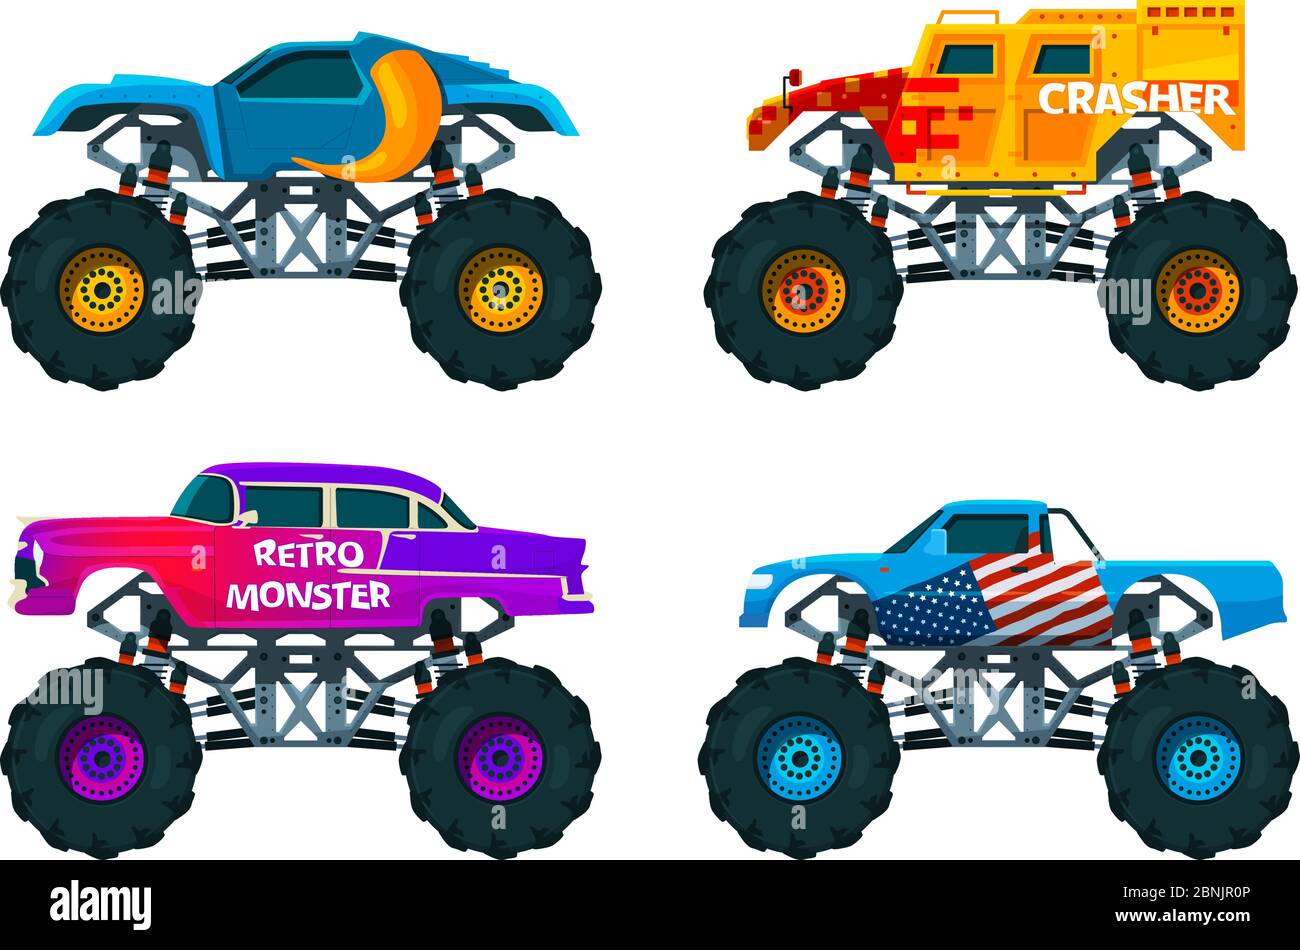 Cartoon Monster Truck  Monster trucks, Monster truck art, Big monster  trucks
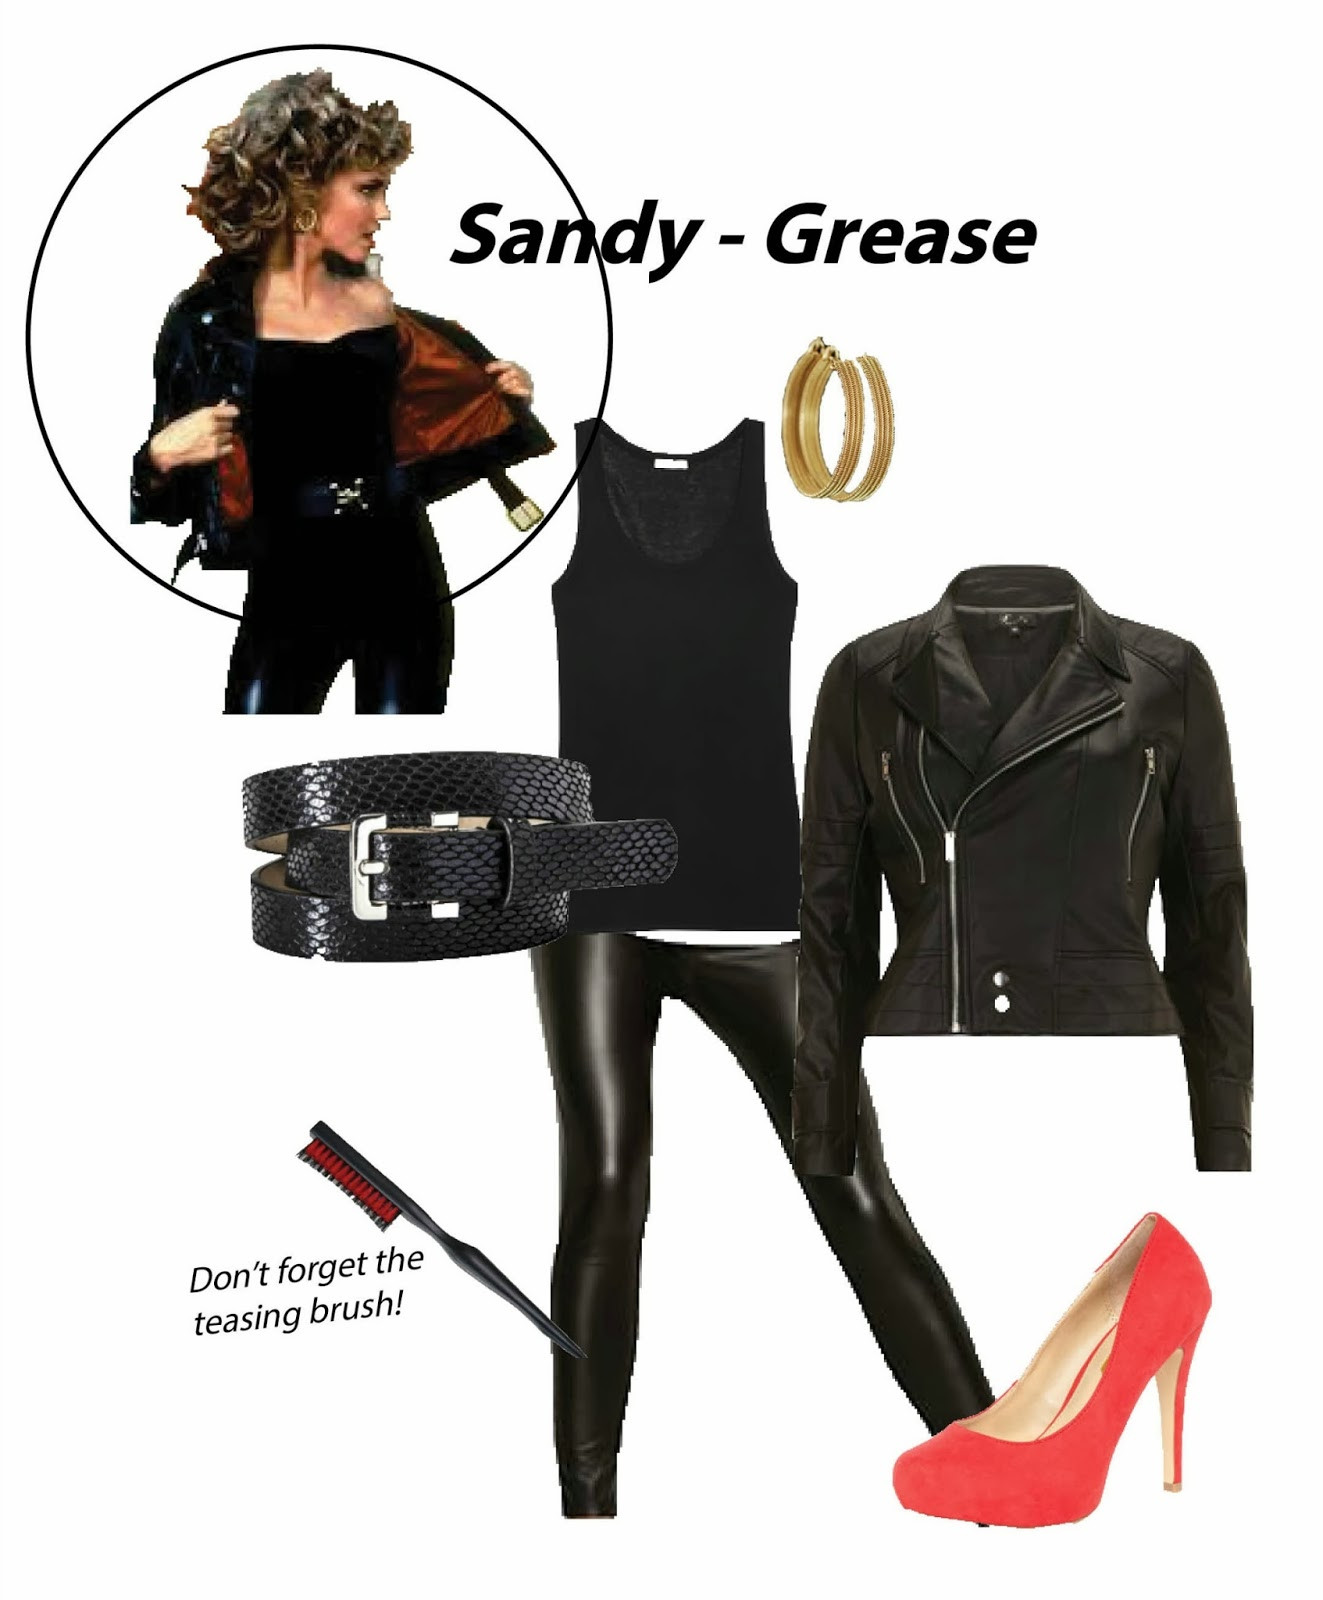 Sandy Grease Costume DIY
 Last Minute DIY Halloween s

INSTRUCTIONS FOR THE TASK |
The copy must start at the line containing "Sandy Grease Costume DIY" and end at the last line of the data, matching each line exactly. It must hold no pictures.

YOUR SOLUTION |
 Sandy Grease Costume DIY
 Last Minute DIY Halloween s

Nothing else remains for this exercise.